Запрещаю предпринимать какие-либо действия против «Нахтигаля» — впредь до особых указаний. Сообщите позиции чиновников иностранного отдела НСДАП и сотрудников министерства восточных территорий в связи с этим вновь открывшимся обстоятельством. Выясните, является ли намерение ОУН присвоить себе карательные функции инициативой Оберлендера, или он действует, консультируясь с соответствующими службами НСДАП.
Шелленберг».
«Бригадефюреру СС Шелленбергу.
По моим сведениям, Оберлендер поддерживает постоянные контакты с полковником абвера Лахузеном. Его связи с гестапо (Диц) или Фохтом (мин. вост. территорий) мне неизвестны.

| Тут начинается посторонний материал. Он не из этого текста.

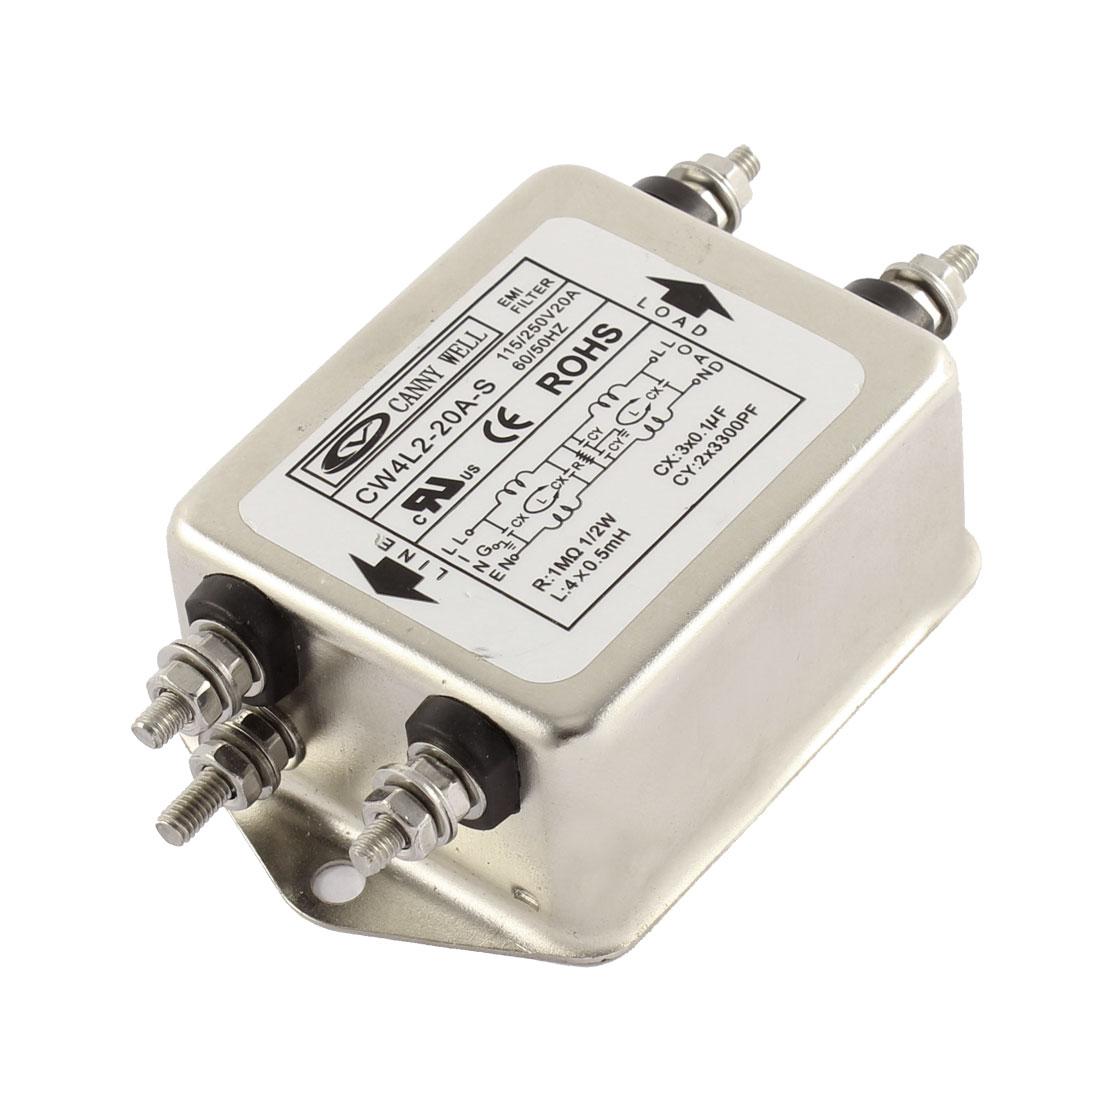 AC 115/250V 20A CW4L2-20A-S Noise Suppressor Power EMI Filter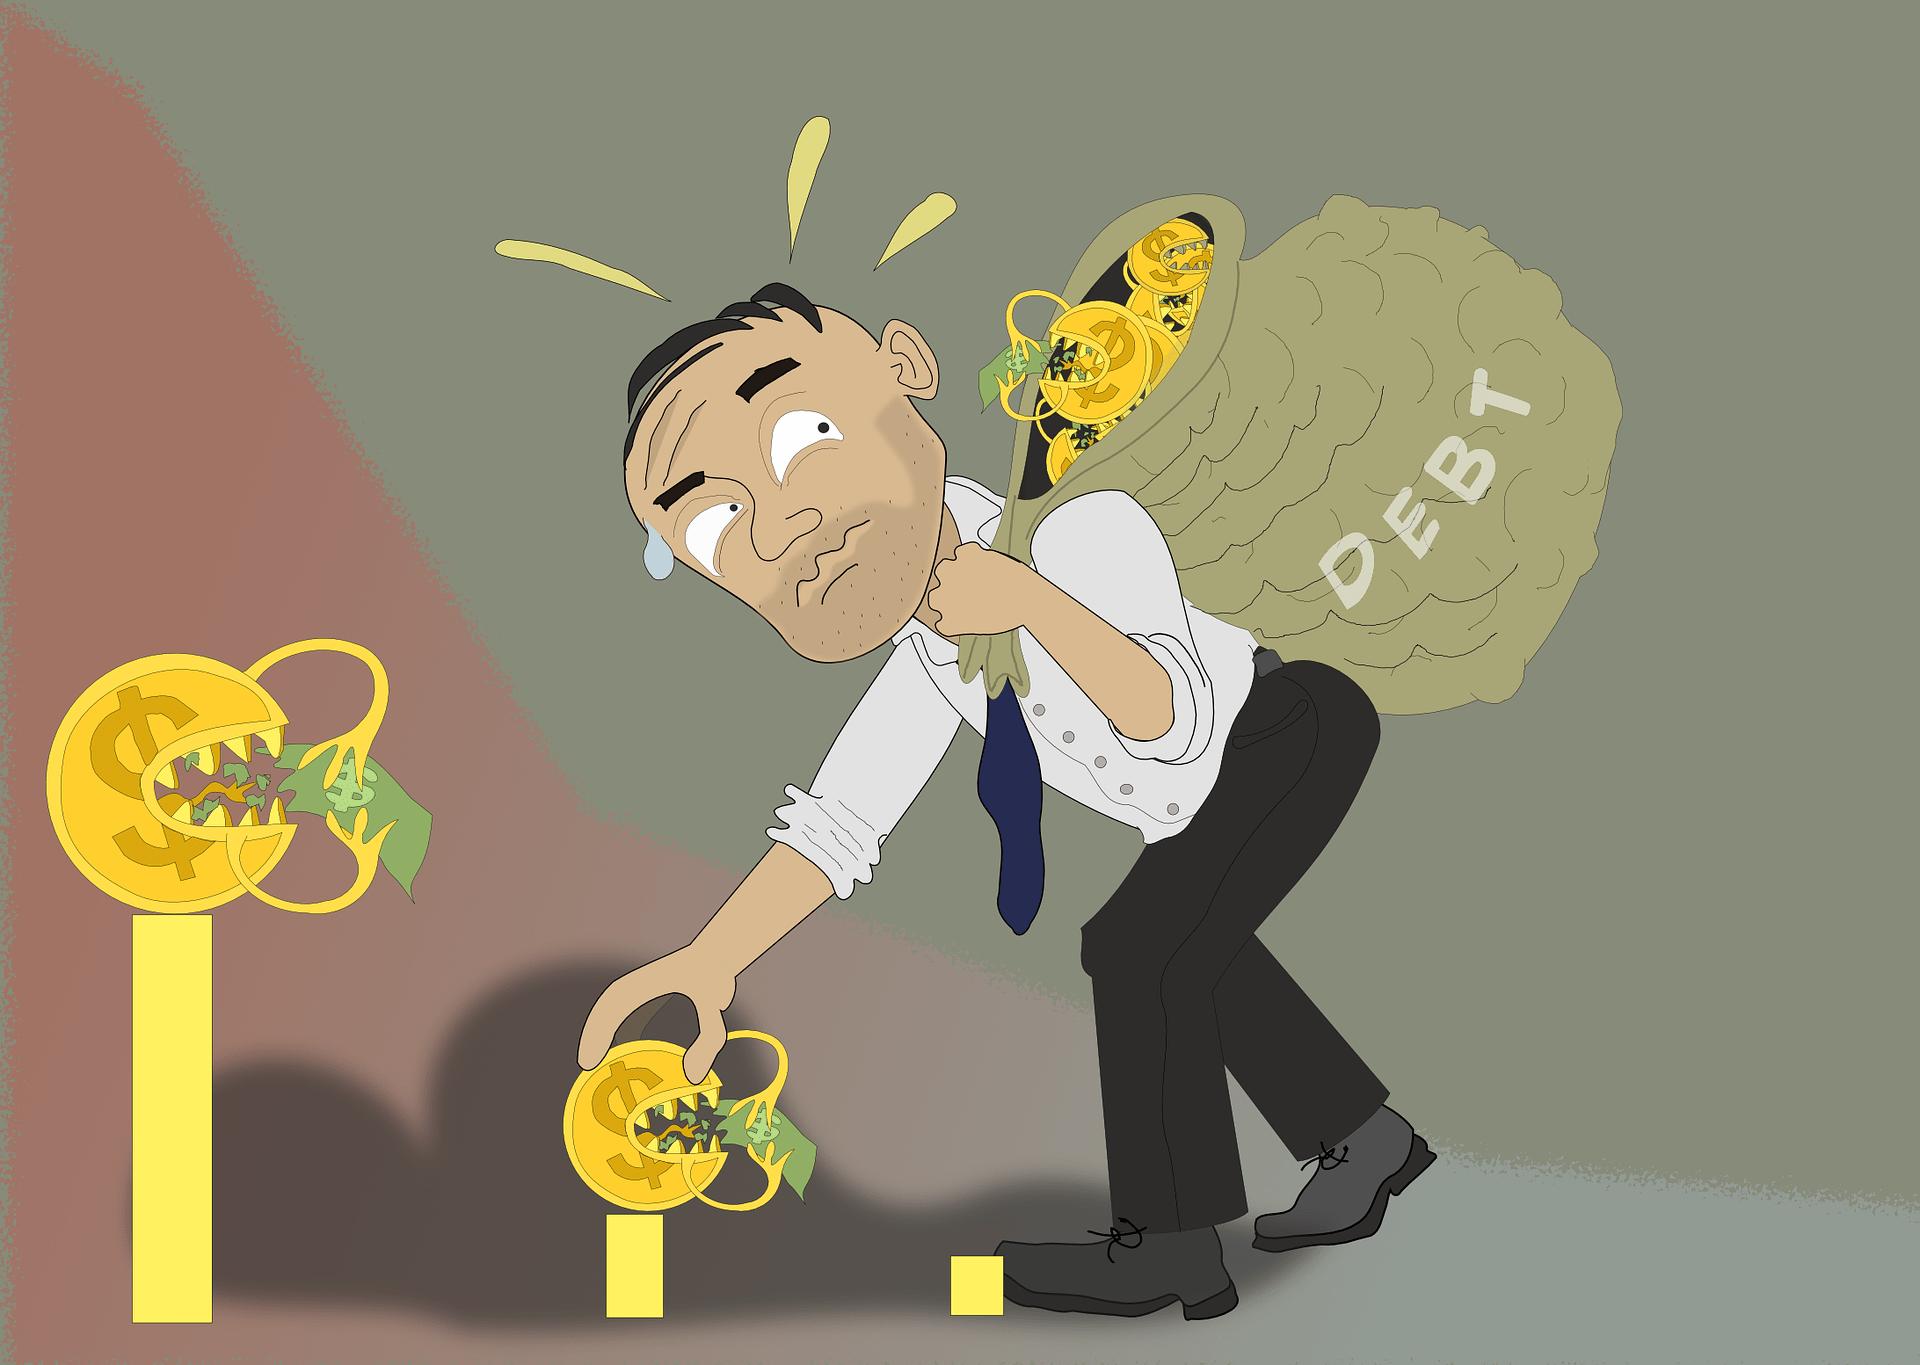 sospensione mututi e rate

Оберштурмбанфюрер СС Штирлиц».
«Штирлицу.
По прочтении сжечь.
Собирайте все факты, имеющие отношение к этому вопросу. Сообщайте обо всех попытках Оберлендера считать себя персоной, претендующей на самостоятельность. Какие-либо акции без соответствующего на то указания запрещаю.
Шелленберг».
«Алексу.
Получил задание Шелленберга тщательно изучать претензии шефа «Нахтигаля» Оберлендера на самостоятельность и на право карательных функций без утверждения РСХА. Какие-либо действия без его санкций запрещены.
Юстас».
«Юстасу.
Выполняя распоряжение Шелленберга, предпринимайте всевозможные шаги для того, чтобы скомпрометировать «Нахтигаль» в глазах СД.
Алекс».
«Бригадефюреру СС Шелленбергу.
Строго секретно, лично.
По моим сведениям, оберштурмбанфюрер Диц (IV управление РСХА) имеет постоянные доверительные контакты с Мельником. Можно через Дица точно выяснить намерения легионеров «Нахтигаля». Следует ли мне подключиться к Дицу?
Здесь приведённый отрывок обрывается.